Но уже с первых минут Гнатюк заметил необычное. Движения Сулимы, всегда такие спокойные, до тошнотворной нудности размеренные, стали как будто более быстрыми. И сам он, казалось, весь собрался, точно ему хотелось помочь стану быстрее раскатать гильзу. Обычно, закончив прокатку трубы, он давал сигнал и царственно восседал в кресле, спокойно выжидая, когда подадут следующую гильзу. Иногда даже склонял слегка голову на грудь, как будто вздремнув. Вот так он сидел вчера в третьем ряду на заводском собрании. Казалось, он спит, не обращая внимания на происходящее. «Как всегда, равнодушен», — с досадой подумал Гнатюк. Только на несколько секунд поднял Сулима голову и с интересом взглянул на сцену, когда Саша в запальчивости крикнул Гусеву: «К черту пределы!»
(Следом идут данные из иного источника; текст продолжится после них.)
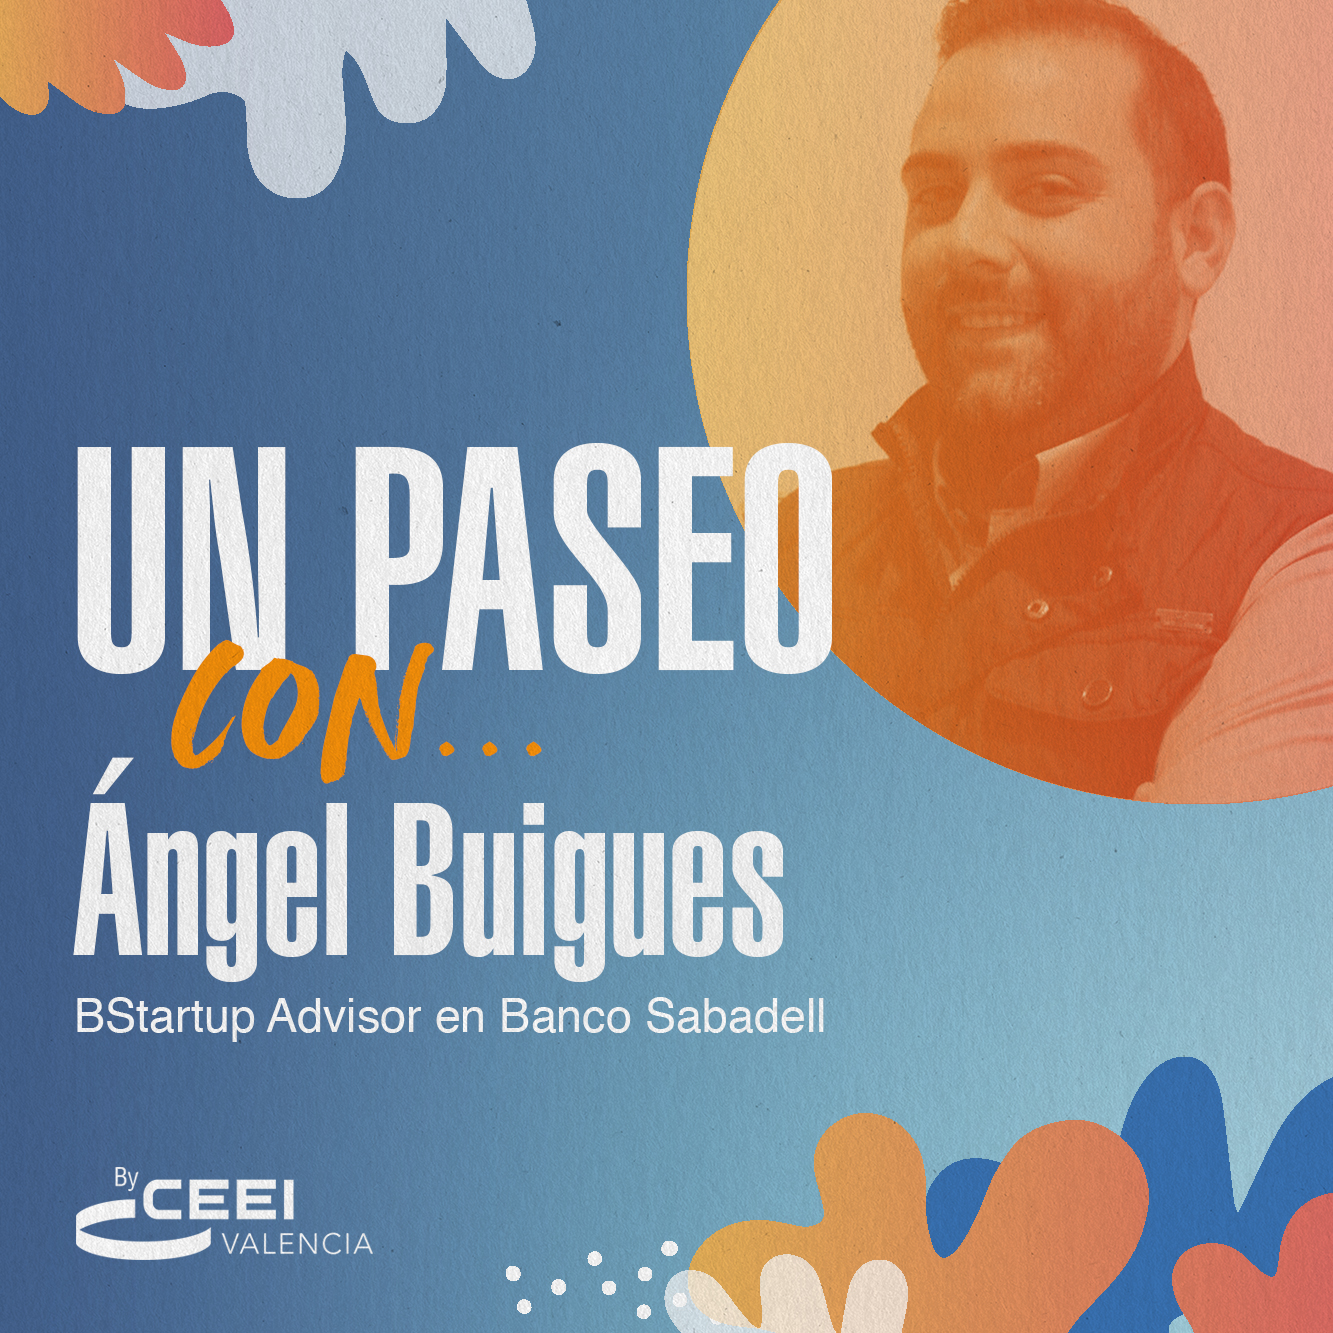 Un paseo con Ángel Buigues, BStartup Advisor en Banco Sabadell

А сегодня старика было не узнать. Еще не прокатав гильзу, он давал сигнал и в тот же миг оглядывался в сторону прошивного стана — подают ли новую гильзу. Видя, что там все еще не закончили прошивать слиток, он даже прикрикнул раз на Гнатюка:
— Чего расселся! Сбегай, спытай, почему там держат.
Саша, не помня себя от радости, побежал к прошивному стану. «Значит, разобрало и старика!»
К восьми часам прокатили треть сменной нормы, вместо четверти.
На площадку пильгерстана поднялся Коваль.
— Хорошо, Николай Афанасьевич, — сказал он одобрительно Сулиме. — Теперь ваша смена может первенство взять.
Сулима ничего не сказал, только улыбнулся краями губ. Он еще более напрягся в своем кресле и впился глазами в гильзу, то подскакивавшую к стану, то отбегавшую от него.
Коваль залюбовался работой стана. Раньше, казалось, стан с трудом, надрываясь, катал тяжелый металл и в пару был похож на вспотевшего, уставшего человека. А сейчас тот же гул вызывал чувство силы, и пар, обволакивавший стан, порождал ощущение избыточной энергии.
Коваль оглянулся, сам не зная почему. И так же инстинктивно оглянулся Сулима — он даже потянул рычаг, замедляя ход подающего аппарата.
На площадке стоял Гусев. На щеках его горели красные пятна, губы были плотно сжаты. Они разжались только на доли секунды, чтобы выдавить несколько секущих, как бич, ядовитых слов.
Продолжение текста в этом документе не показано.